— Простите, но вы, полагаю, не вполне сознаёте… «Боль этого города»? Боль случится, если Охрана решит, что некие настроения следует подавить — и леший знает, какие методы они предпочтут! И это если говорить о системных действиях, а если — знаете, отыскать вас и избить много ума не надо, и безрассудно исключать… Ведь они же тоже люди, они могут обидеться, только их обида куда страшнее нашей!
— Видите, господин Скворцов, — нажим в Венином голосе был выверенным и аккуратным, — даже вы их боитесь. Разве это не доказывает нагляднейшим образом, что я прав?
— Да скажите же ему кто-нибудь! — взмолился Скопцов.
Он ожидал всякого — пусть бы неловкой и некрасивой паузы после своей просьбы, но никак не мог вообразить, что ответ вновь заставит его усомниться в своём слухе:
— Ты прости, но я тебе скажу, — бухнул Валов, — он прав.
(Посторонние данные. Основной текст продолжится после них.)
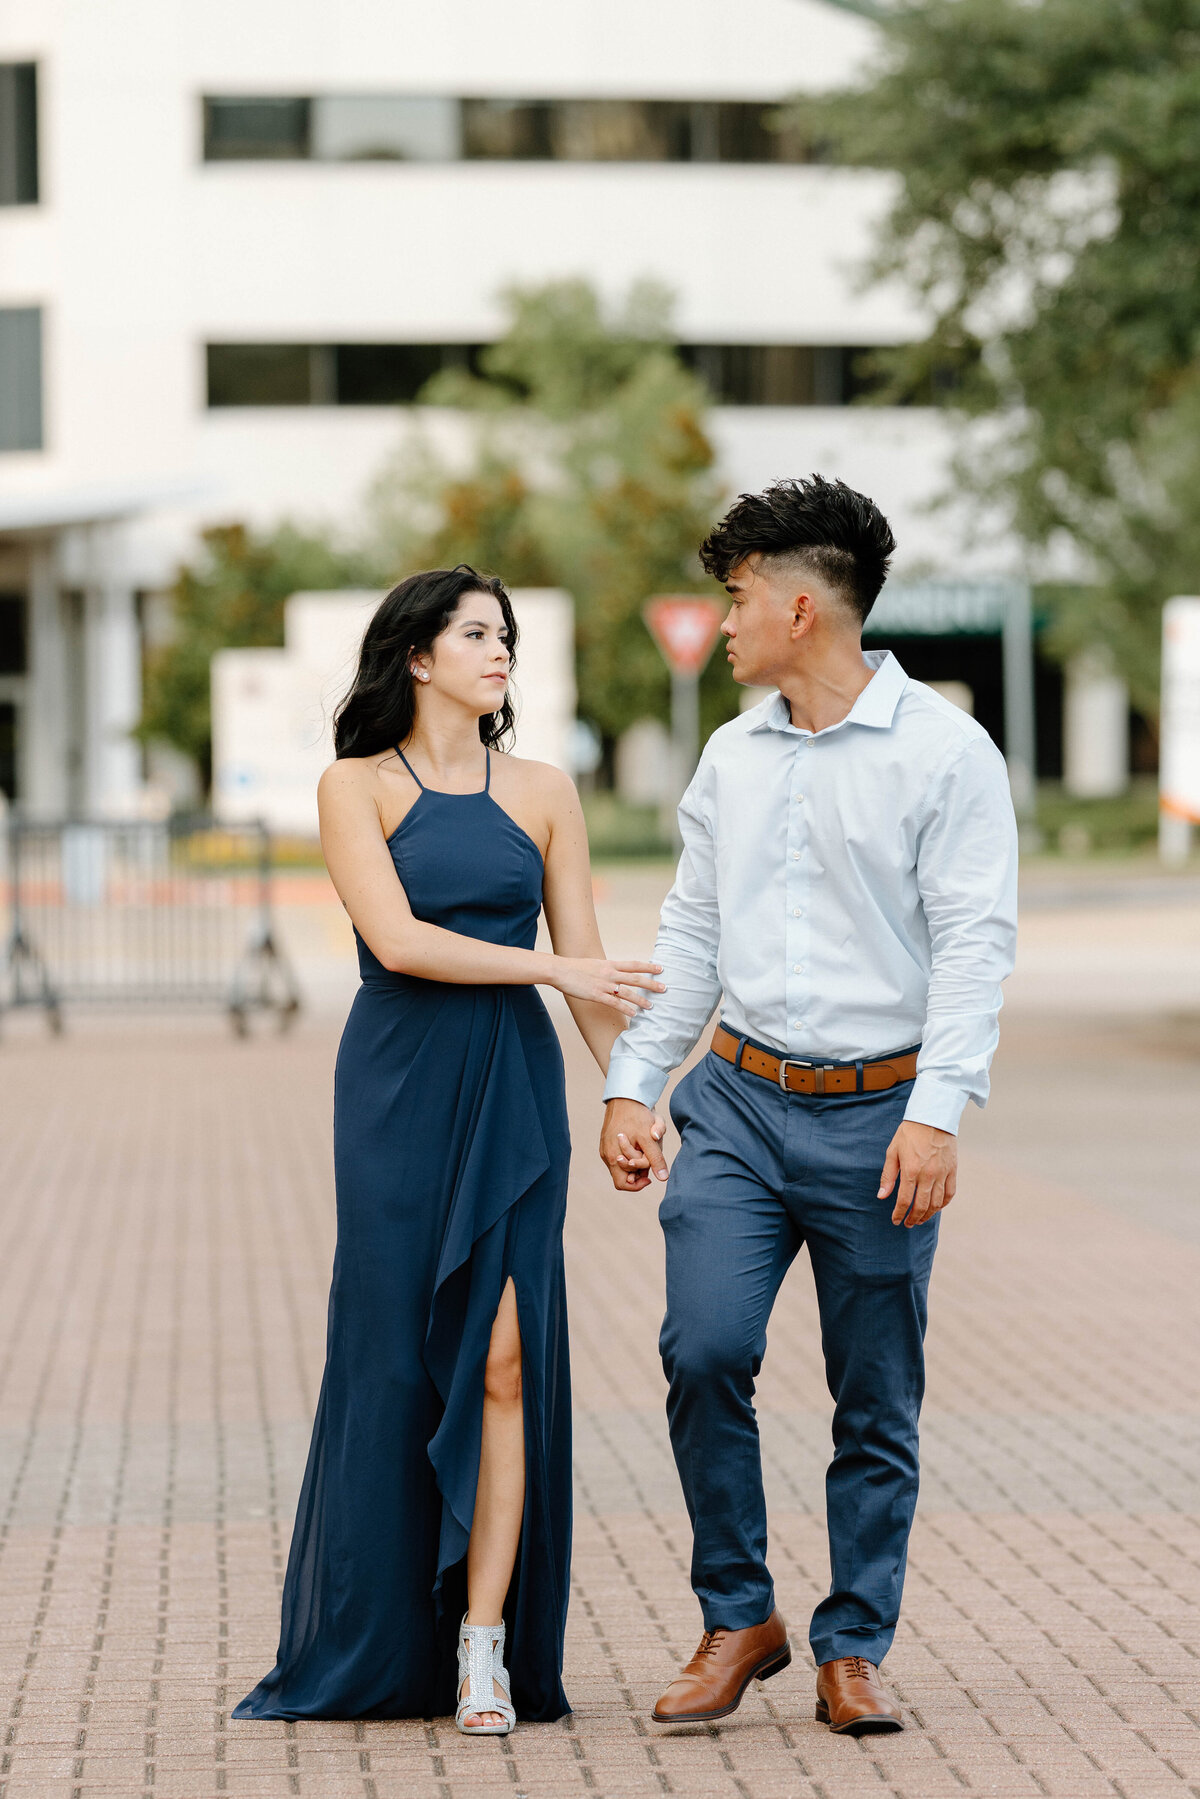 Downtown*beaumont_couples Session-Courtney LaSalle Photography

Прав. Сколько можно пьянствовать по кабакам и рассказывать друг другу, какие мы умные, а Четвёртый Патриархат глупый? Это унизительно, в конце концов! Я согласен с тем, что высказываться надо публично, а за слова свои — отвечать.
— Вот только одно дело — Четвёртый Патриархат, а другое — Охрана Петерберга, которая придёт к тебе домой и твои же ноги совершенно бесславно переломает, — заметил Драмин, — чем и закончится высказывание.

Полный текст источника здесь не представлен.